> [Task details]: Would you please restate all of the entries exactly, apart from the pictures?
START Information
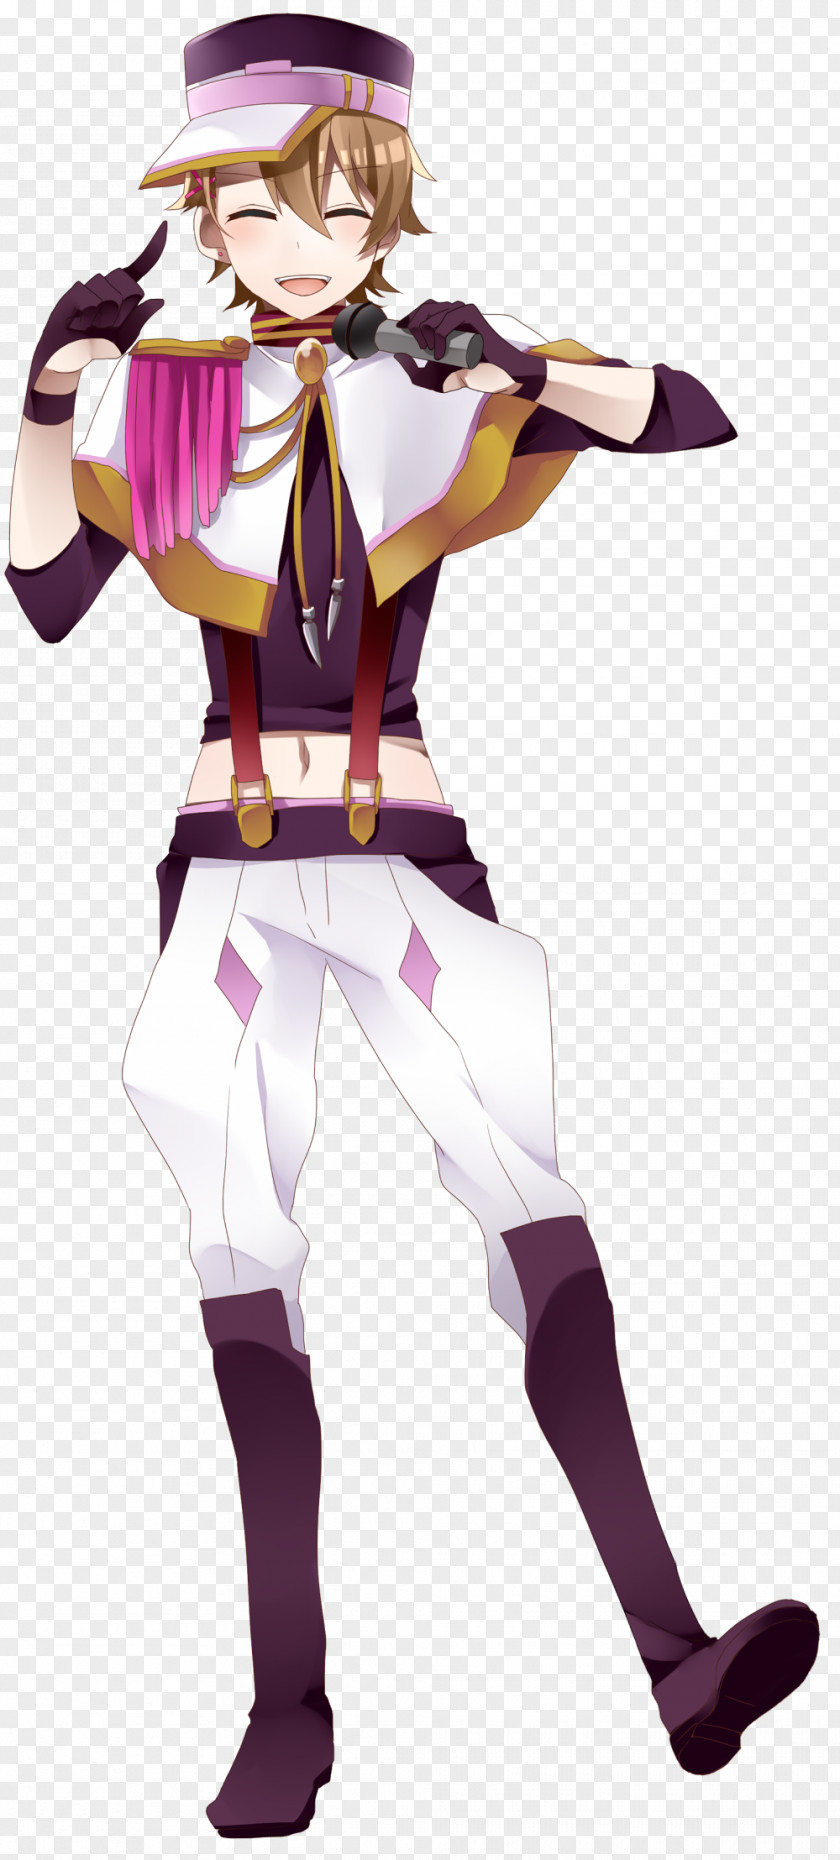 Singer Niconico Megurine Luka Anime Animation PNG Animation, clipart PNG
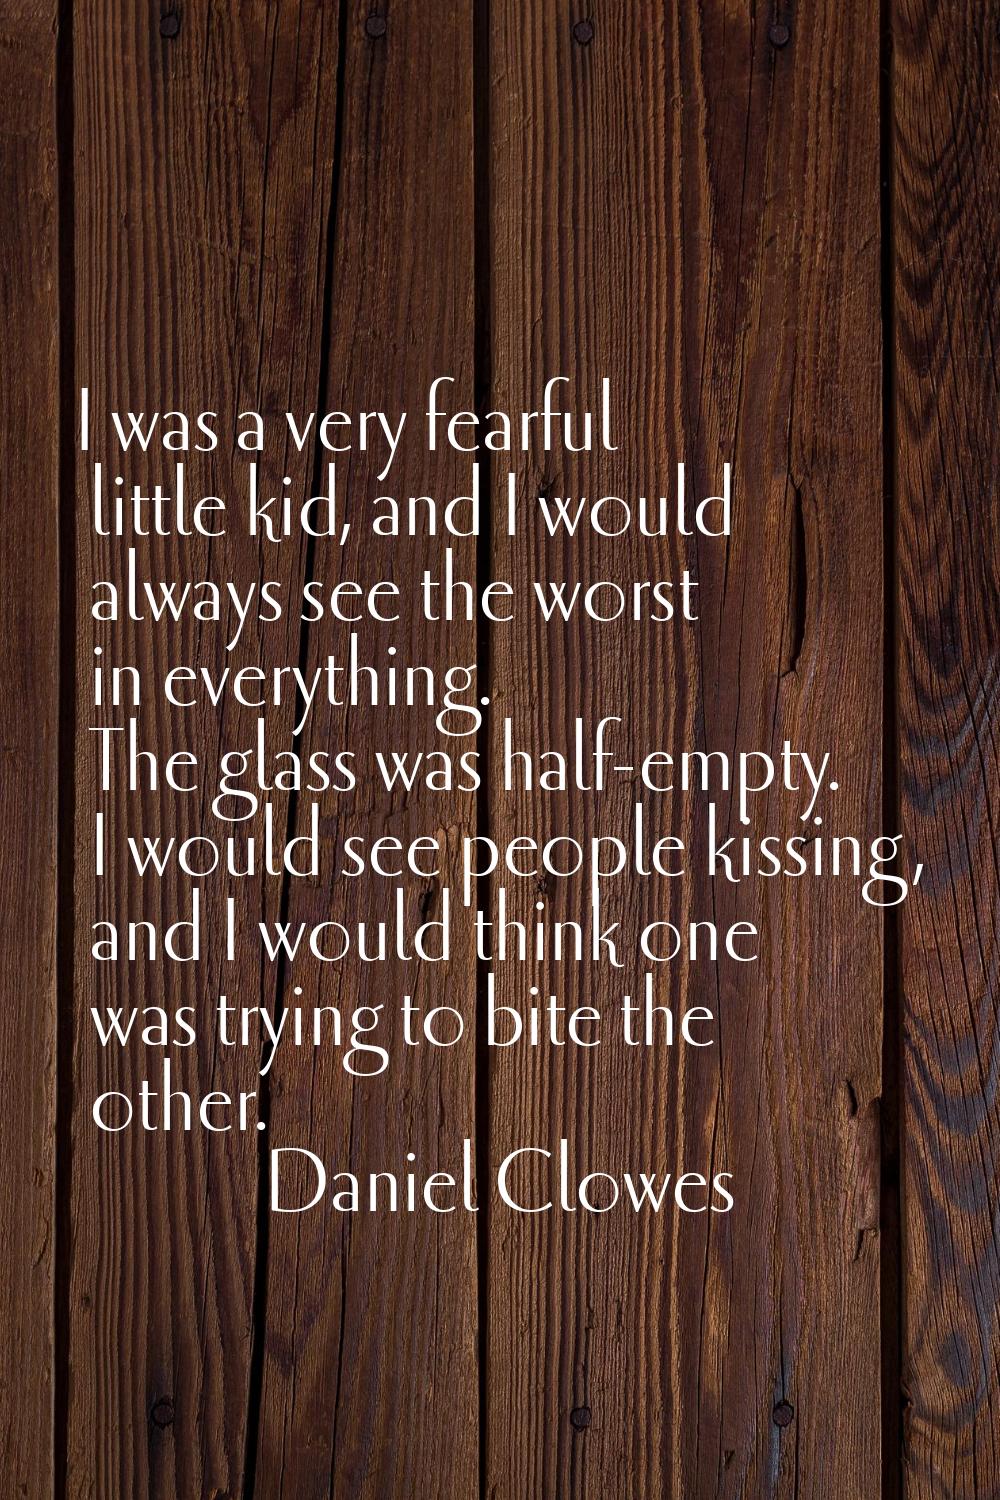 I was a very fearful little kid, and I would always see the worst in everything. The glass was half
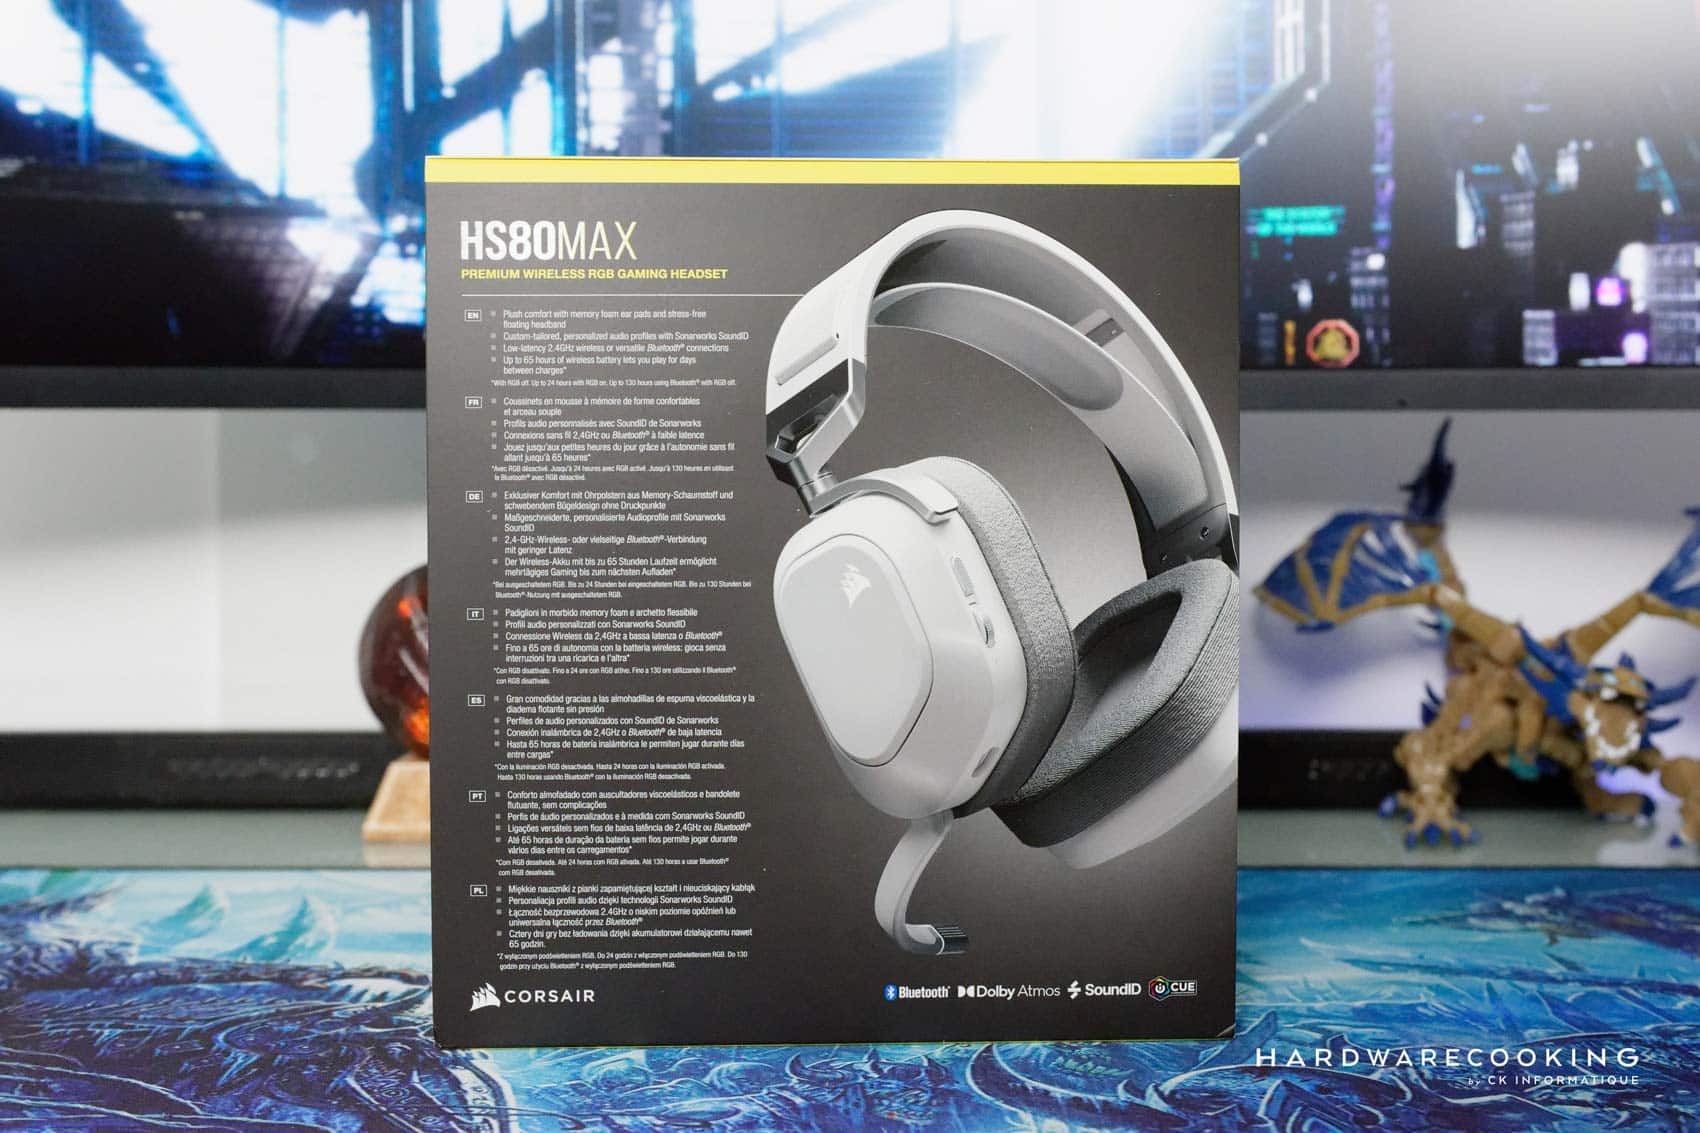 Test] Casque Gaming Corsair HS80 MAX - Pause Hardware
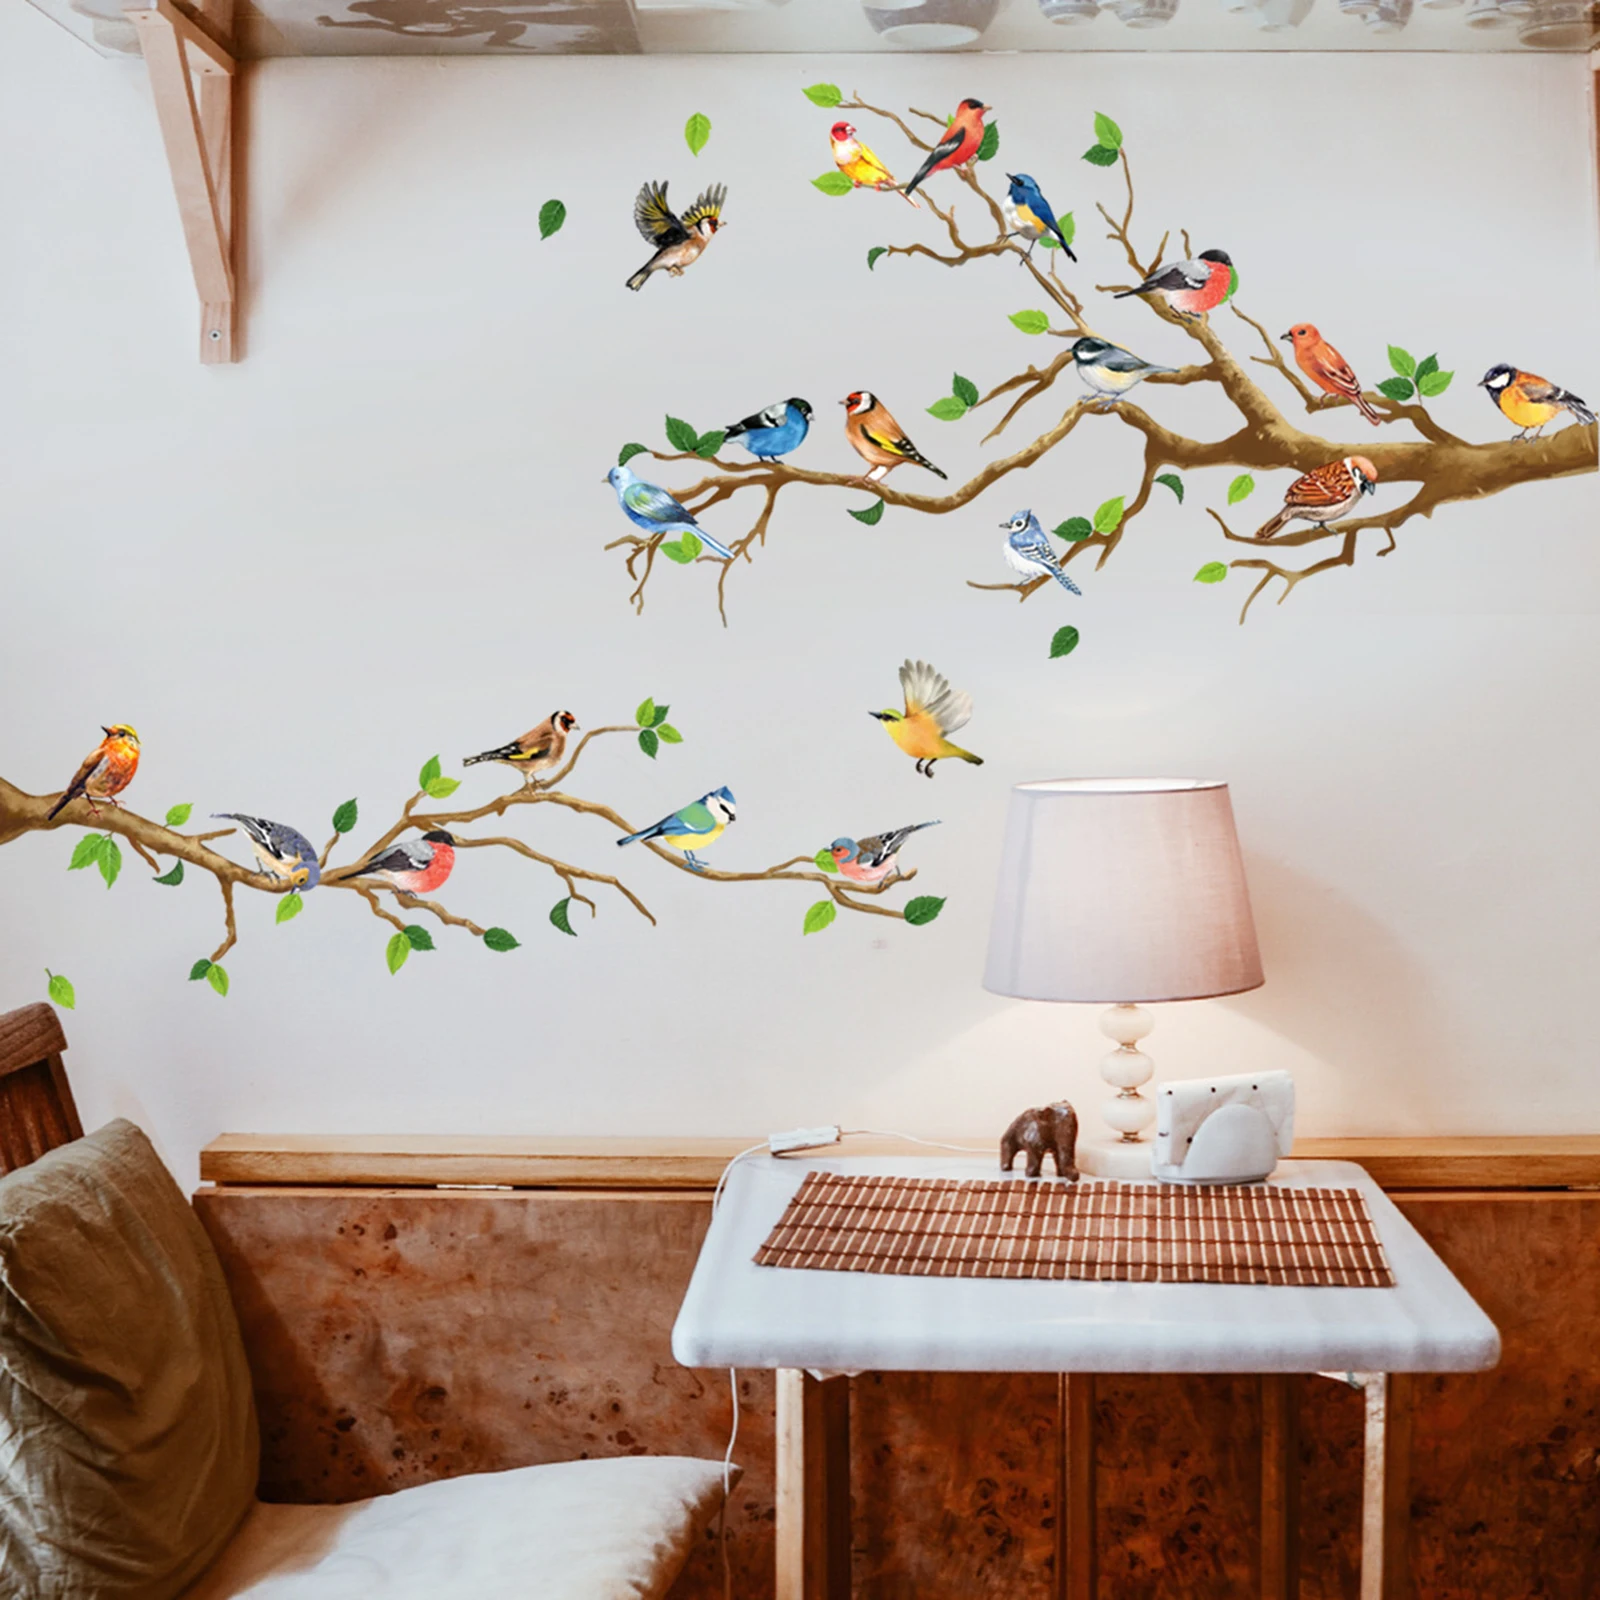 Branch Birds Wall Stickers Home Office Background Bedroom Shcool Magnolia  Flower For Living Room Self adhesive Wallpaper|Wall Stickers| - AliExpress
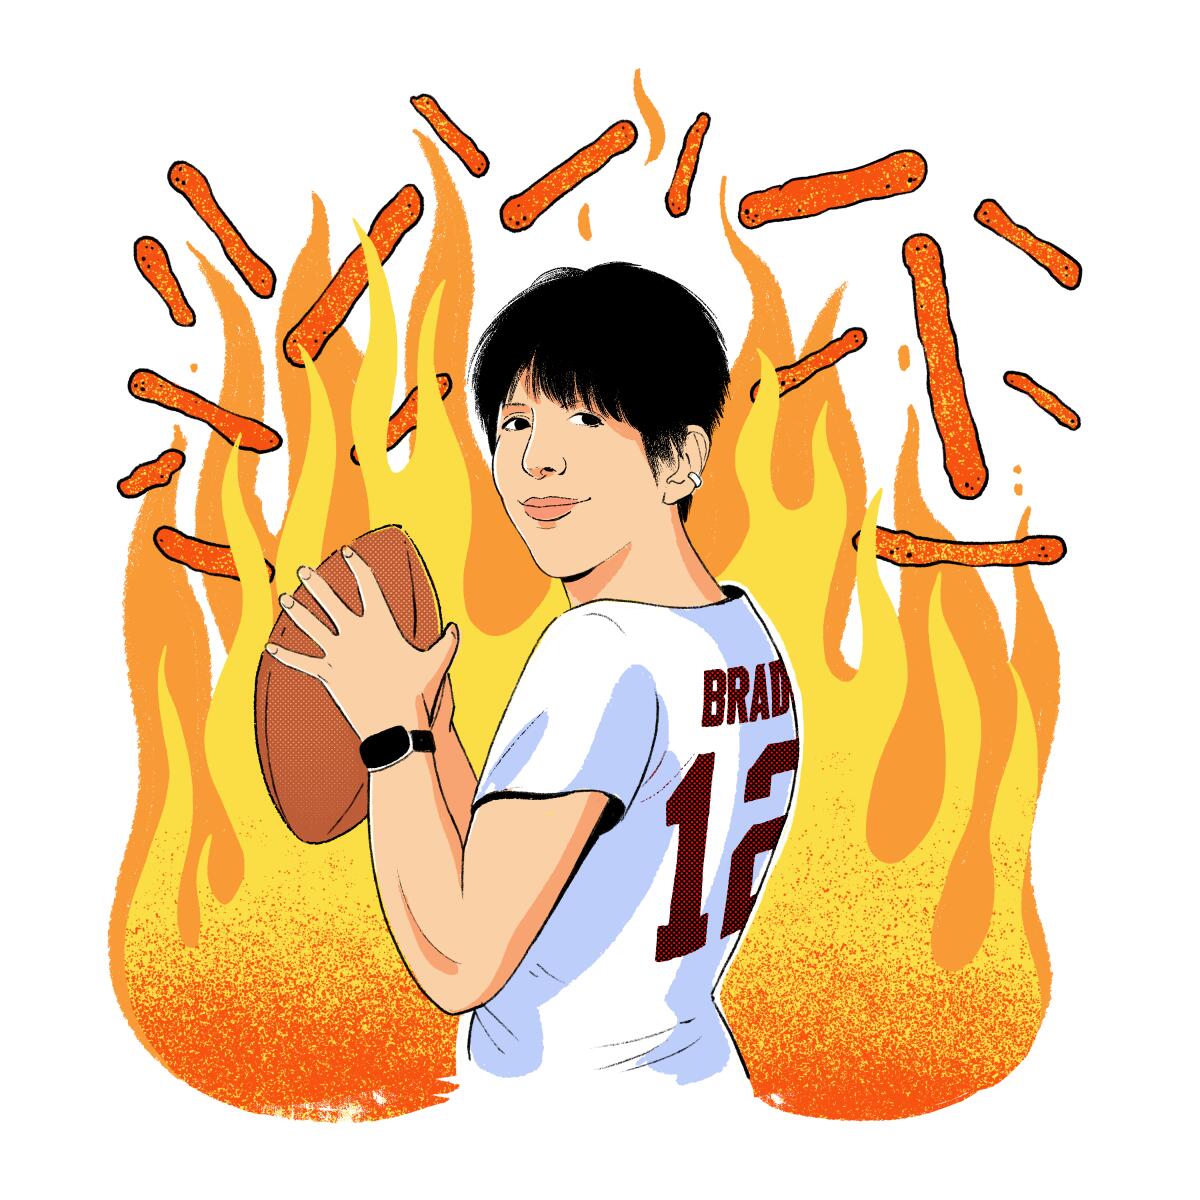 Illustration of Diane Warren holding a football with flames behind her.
END Information
> [Answer space]:
 Singer Niconico Megurine Luka Anime Animation PNG Animation, clipart PNG
 I was a very fearful little kid, and I would always see the worst in everything. The glass was half
 Test] Casque Gaming Corsair HS80 MAX - Pause Hardware
 Branch Birds Wall Stickers Home Office Background Bedroom Shcool Magnolia  Flower For Living Room Self adhesive Wallpaper|Wall Stickers| - AliExpress
 Illustration of Diane Warren holding a football with flames behind her.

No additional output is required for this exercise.